::: Given material

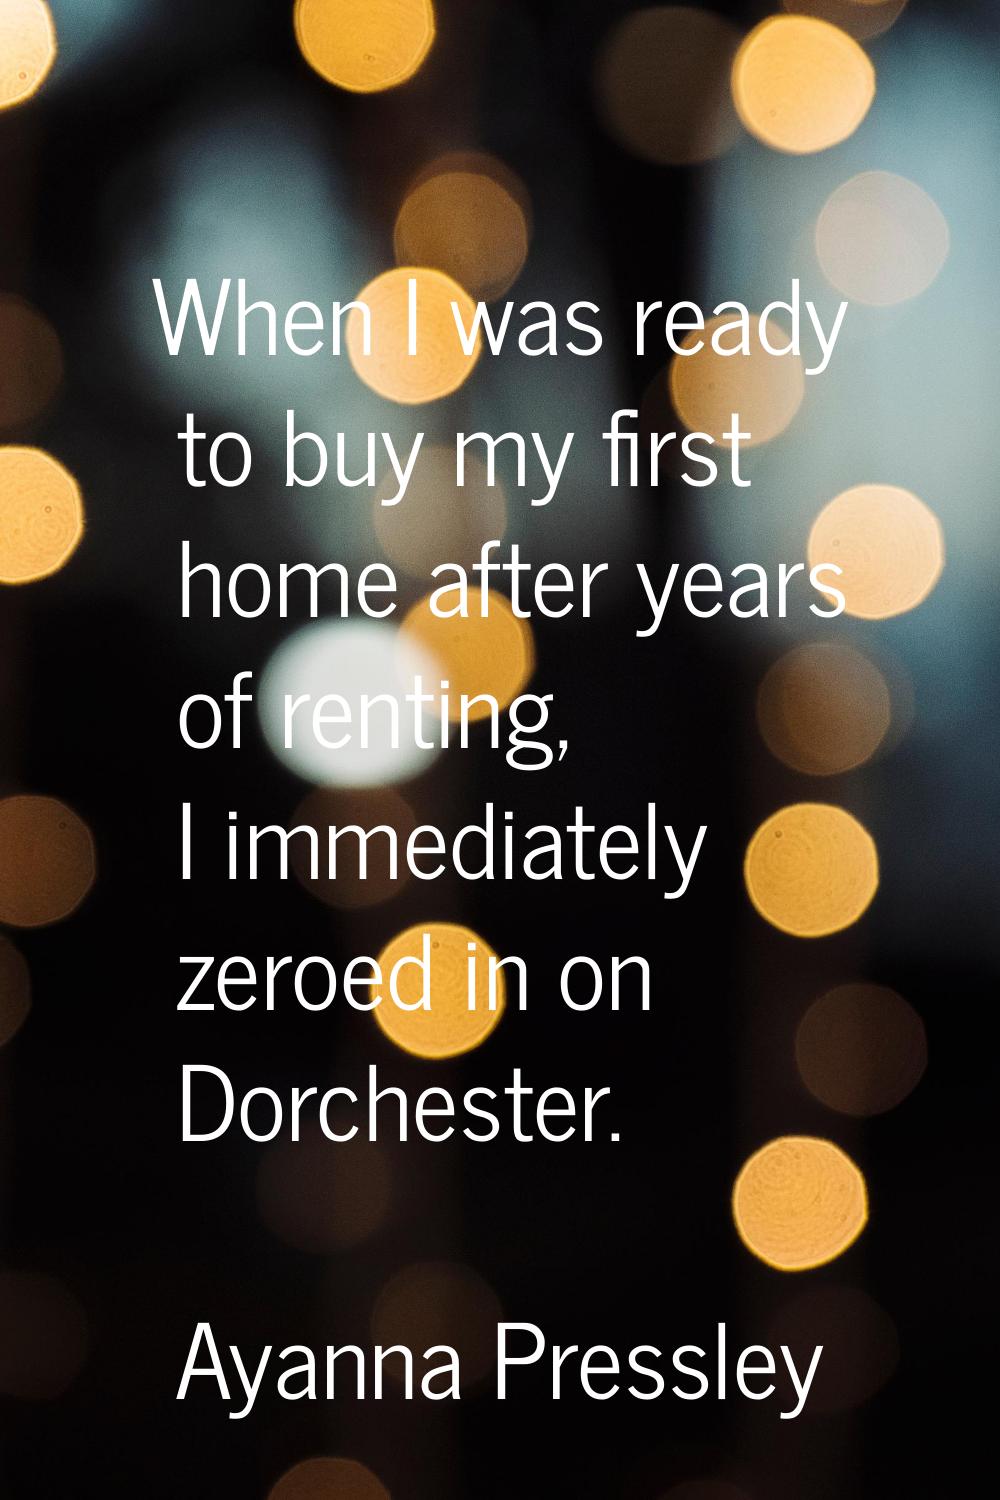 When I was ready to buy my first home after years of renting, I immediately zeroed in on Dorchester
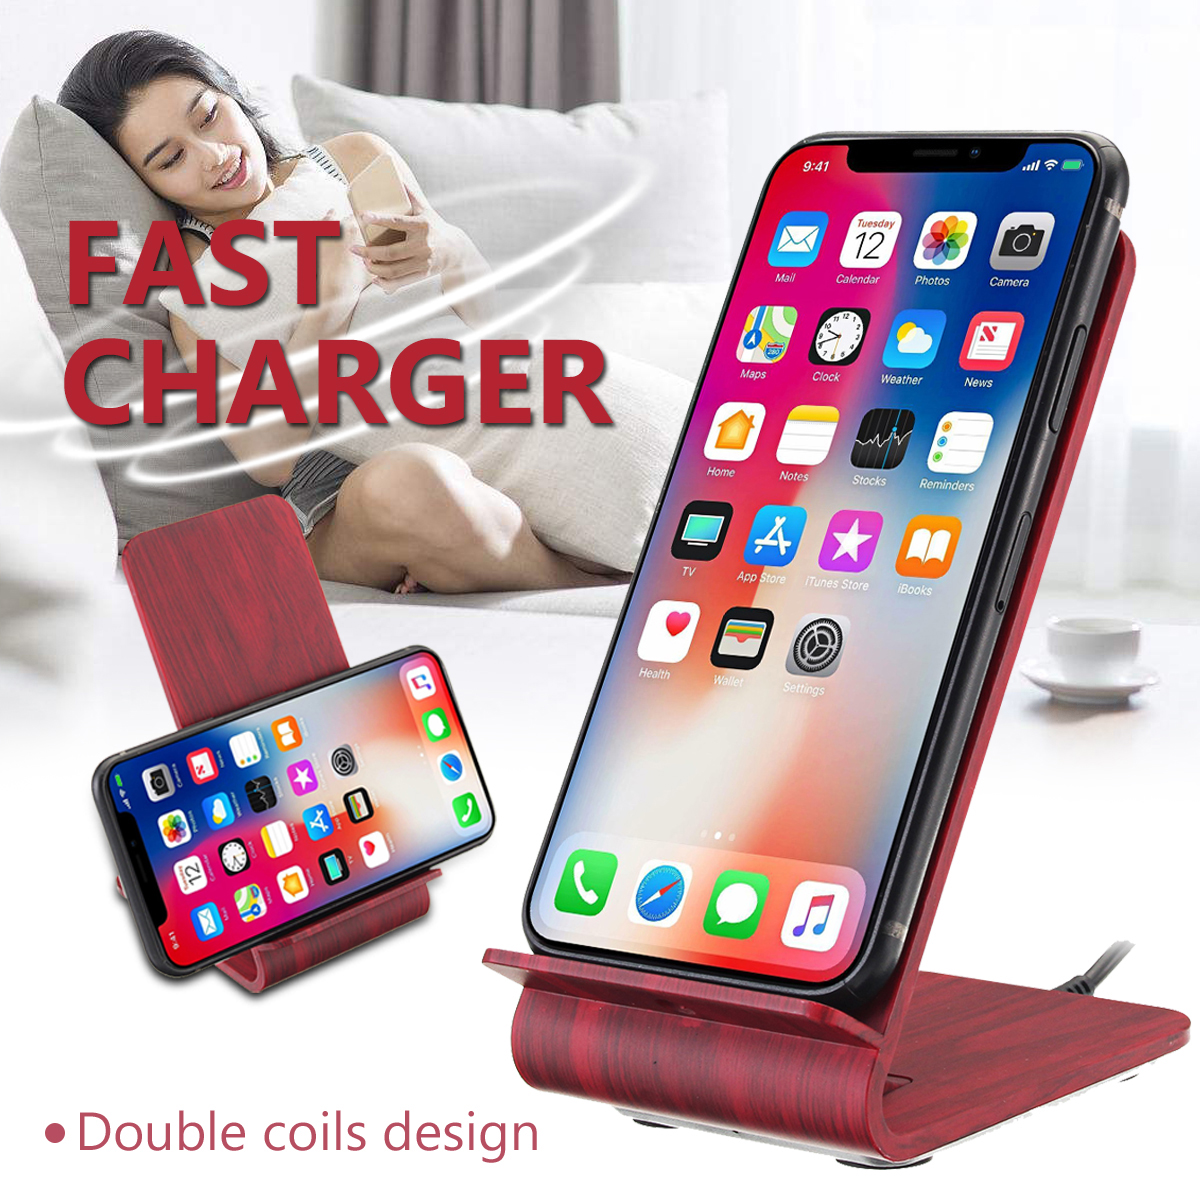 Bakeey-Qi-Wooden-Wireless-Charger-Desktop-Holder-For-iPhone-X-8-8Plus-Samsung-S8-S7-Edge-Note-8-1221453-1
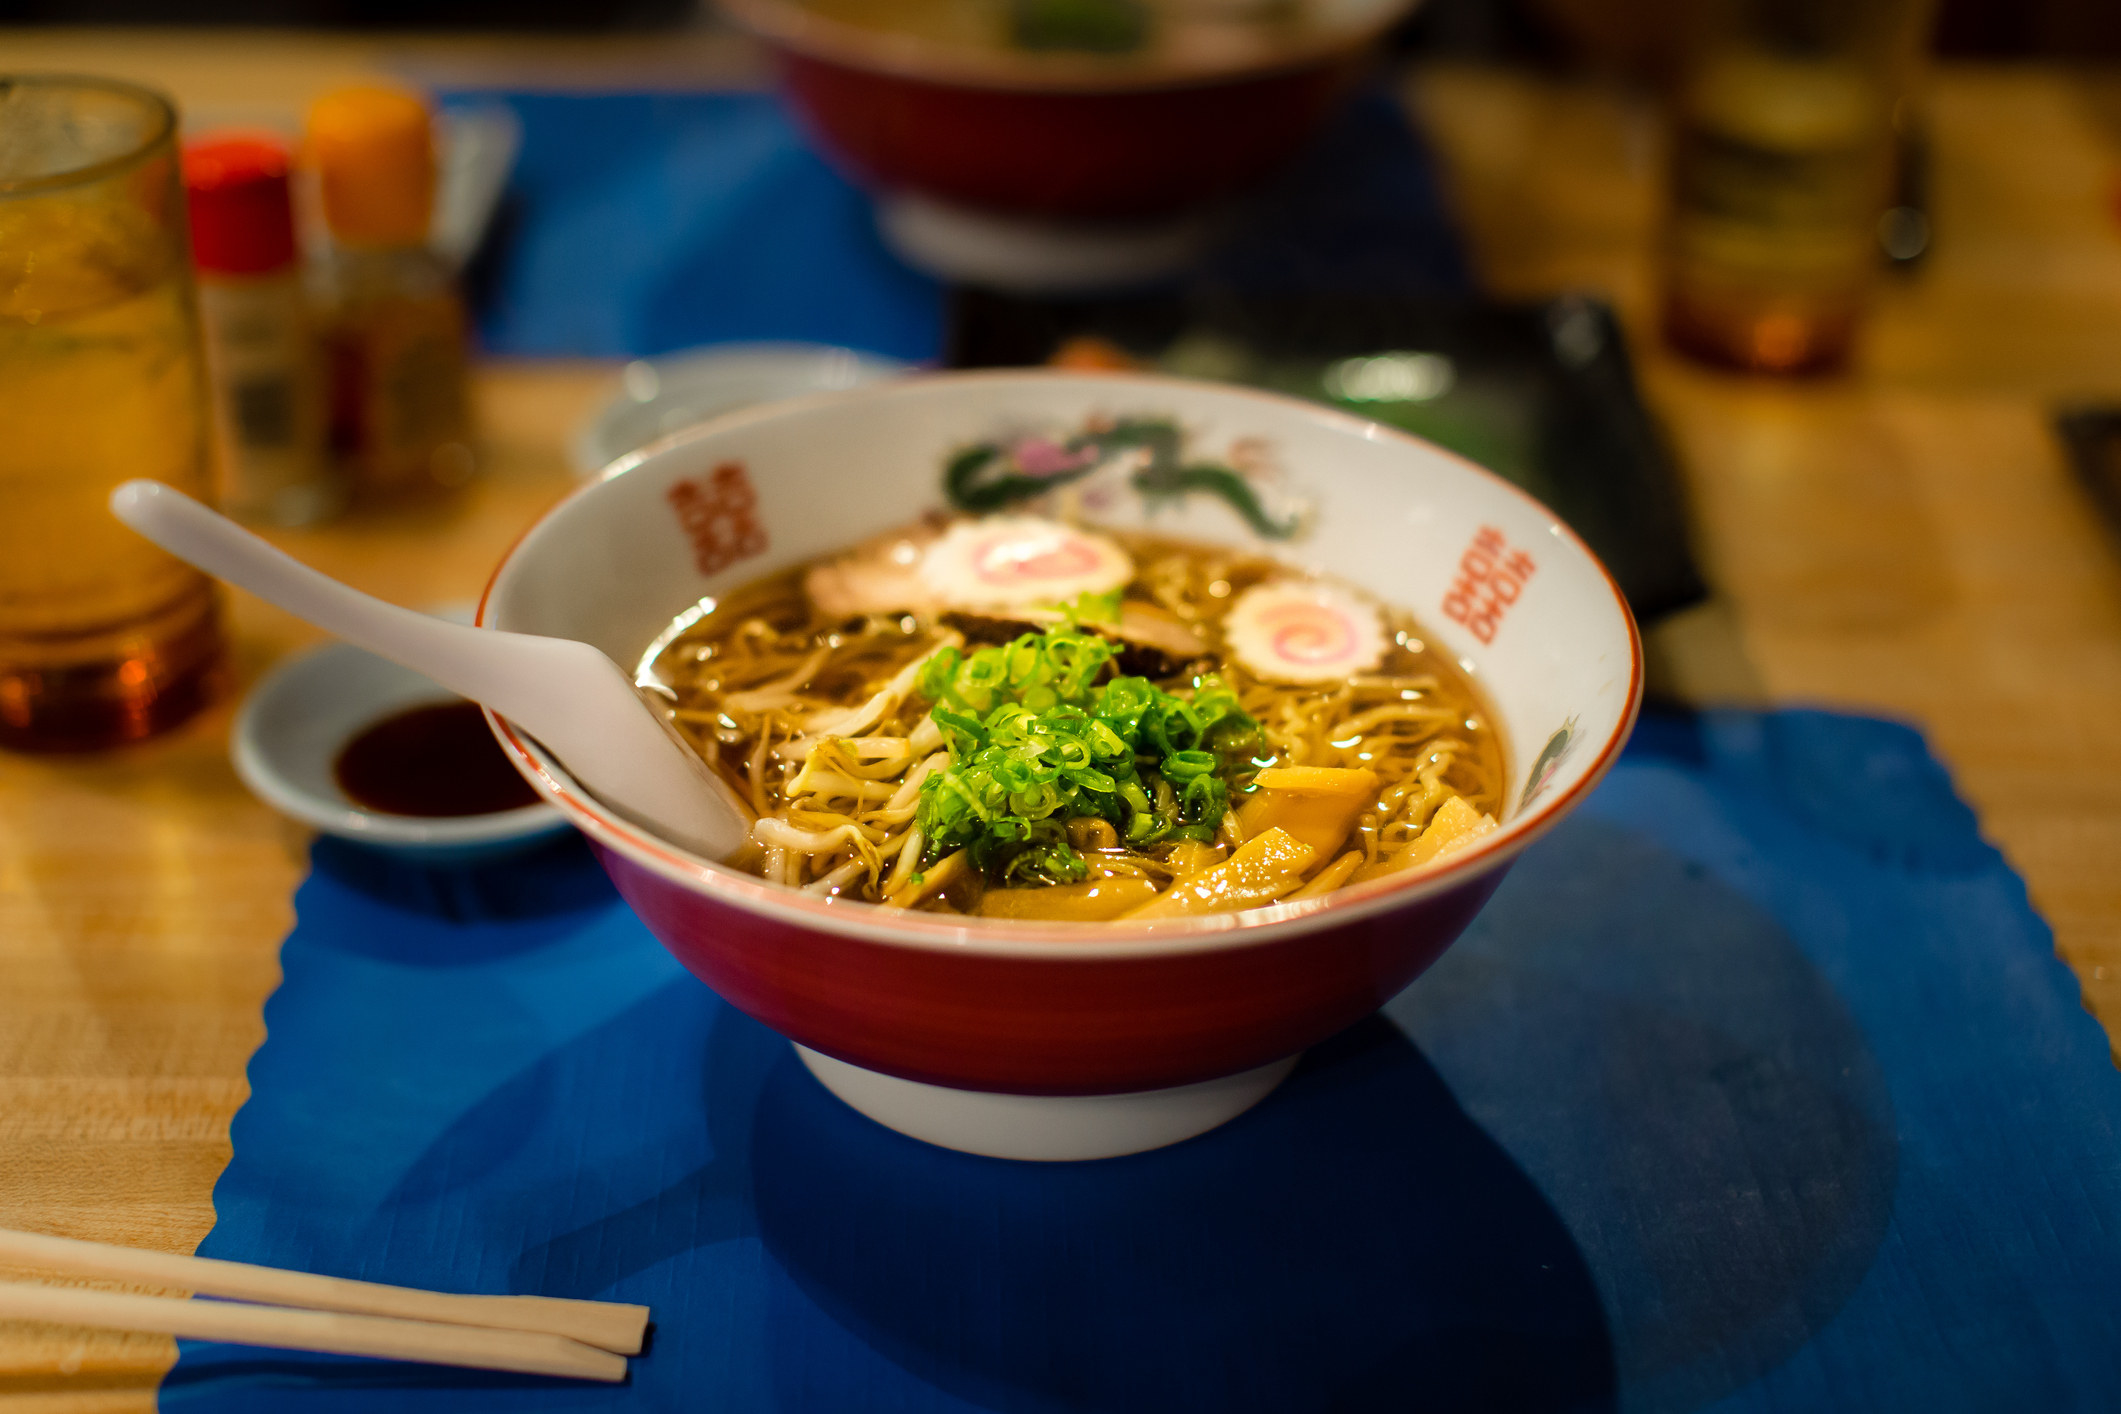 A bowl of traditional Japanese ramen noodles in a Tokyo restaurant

::::::

→ **Problem to solve**
Without the pictures, write out the whole listing above exactly as it appears.

→ **Answer to the exercise**
 When I was ready to buy my first home after years of renting, I immediately zeroed in on Dorchester
 Bakeey-Qi-Wooden-Wireless-Charger-Desktop-Holder-For-iPhone-X-8-8Plus-Samsung-S8-S7-Edge-Note-8-1221453-1
 A bowl of traditional Japanese ramen noodles in a Tokyo restaurant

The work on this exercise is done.